The nation's second largest school system, the Los Angeles Unified School District, announced Monday that classes would not resume in-person in August, citing the threat of the coronavirus.

"Unfortunately, Covid-19 continues to spread in the Los Angeles area and the virus is going to impact how we start the new school year," Superintendent Austin Beutner said in a statement.

"While the new school year will begin on August 18th as scheduled, it will not begin with students at school facilities," said Beutner. "The health and safety of all in the school community is not something we can compromise."

L.A. Unified, which enrolled roughly 600,000 students in the 2019-2020 academic year, issued a joint statement Monday with the San Diego Unified School District. That smaller district, which begins its school year August 31, will also begin with online-online instruction.

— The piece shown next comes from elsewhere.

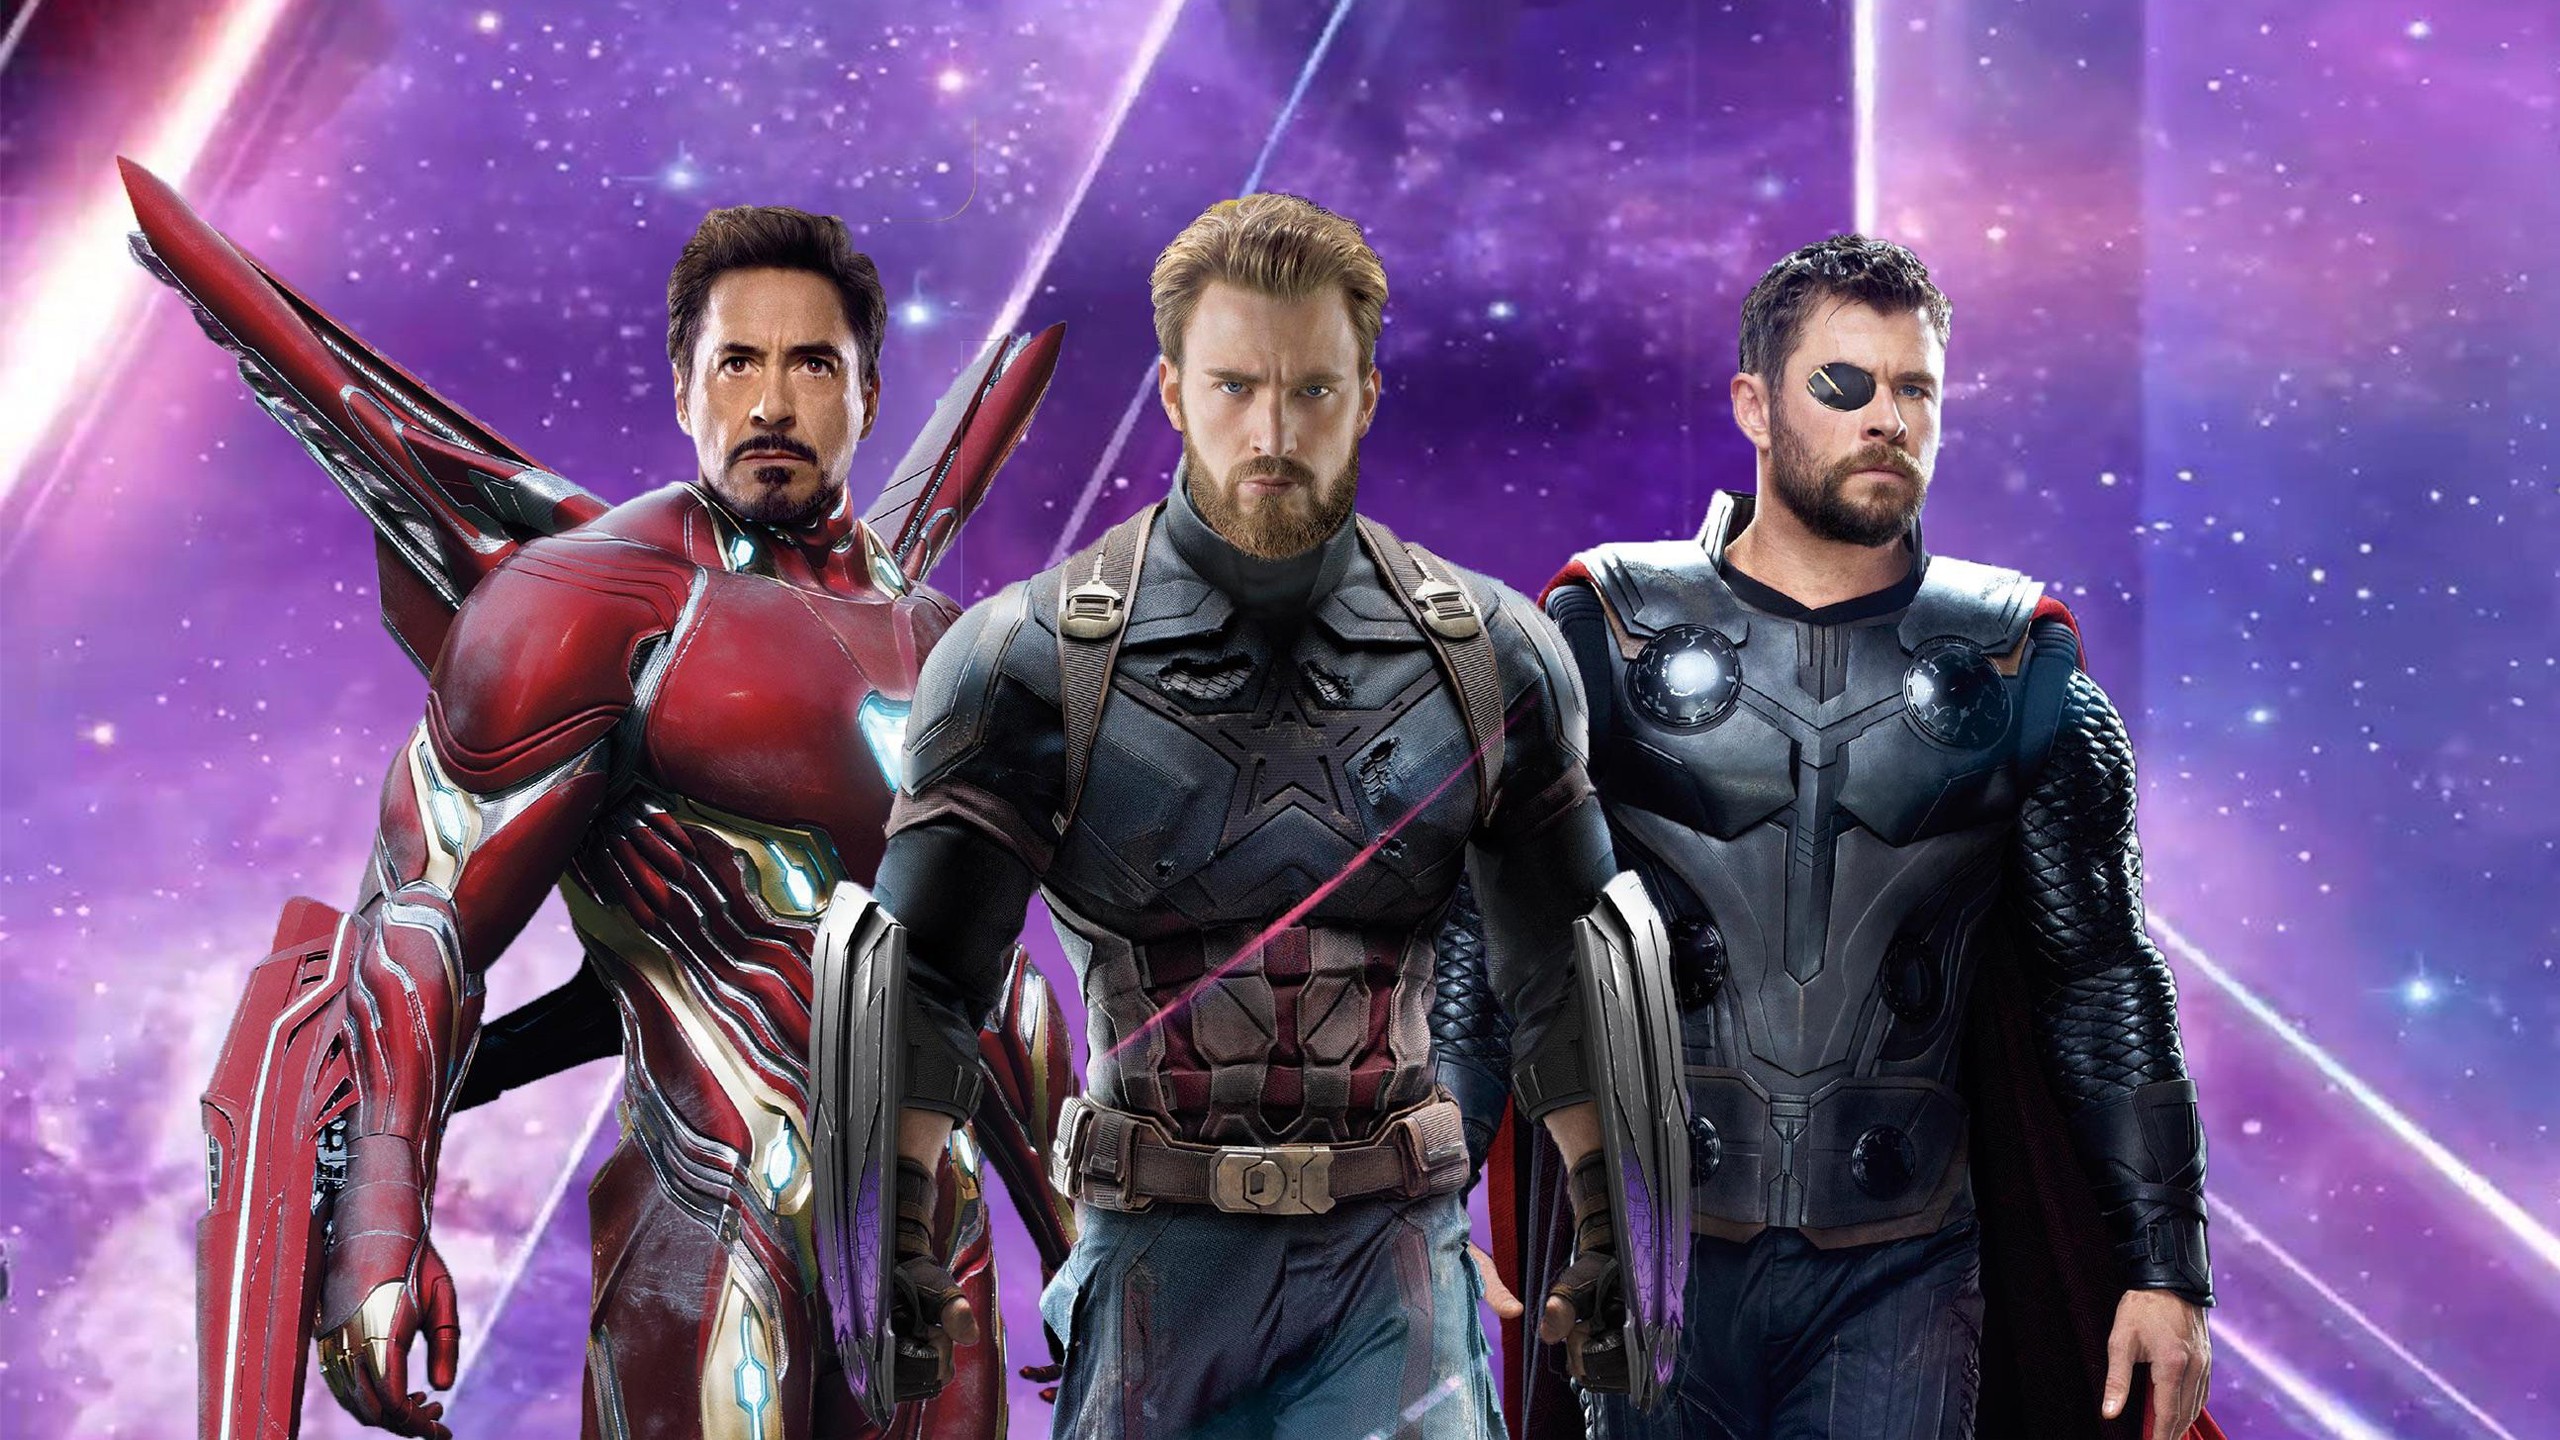 General 2560x1440 Iron Man Tony Stark Captain America Steve Rogers Thor Robert Downey Jr. Chris Evans Chris Hemsworth Marvel Cinematic Universe Avengers: Infinity war frontal view

"One fact is clear: those countries that have managed to safely reopen schools have done so with declining infection rates and on-demand testing available. California has neither. The skyrocketing infection rates of the past few weeks make it clear the pandemic is not under control," the school systems said, noting that free meals would continue to be provided at distribution stations.

"The coronavirus has not taken a summer vacation, as many had hoped," the school districts said. "Indeed, the virus has accelerated its attacks on our community."

Guidance from the federal level on reopening has not materialized, they said.

The announcement regarding fall instruction came days after the United Teachers Los Angeles (UTLA), the union representing teachers at L.A. Unified, called for school campuses to remain closed in light of rising coronavirus infections.

"It is time to take a stand against Trump's dangerous, anti-science agenda that puts the lives of our members, our students, and our families at risk," said UTLA president Cecily Myart-Cruz said a statement last week.

"We all want to physically open schools and be back with our students, but lives hang in the balance," said Myart-Cruz. "Safety has to be the priority. We need to get this right for our communities," she said.

Teachers' groups including the National Education Association have continued to reject the Trump administration's push for schools to reopen for in-person learning without a safety plan. The administration was also accused over the weekend of trying to suppress CDC materials warning that a reopening of schools for in-person learning for "full-sized, in-person classes" would present the "highest risk" of spreading coronavirus compared to online or smaller classes practicing social distancing and other protective measures.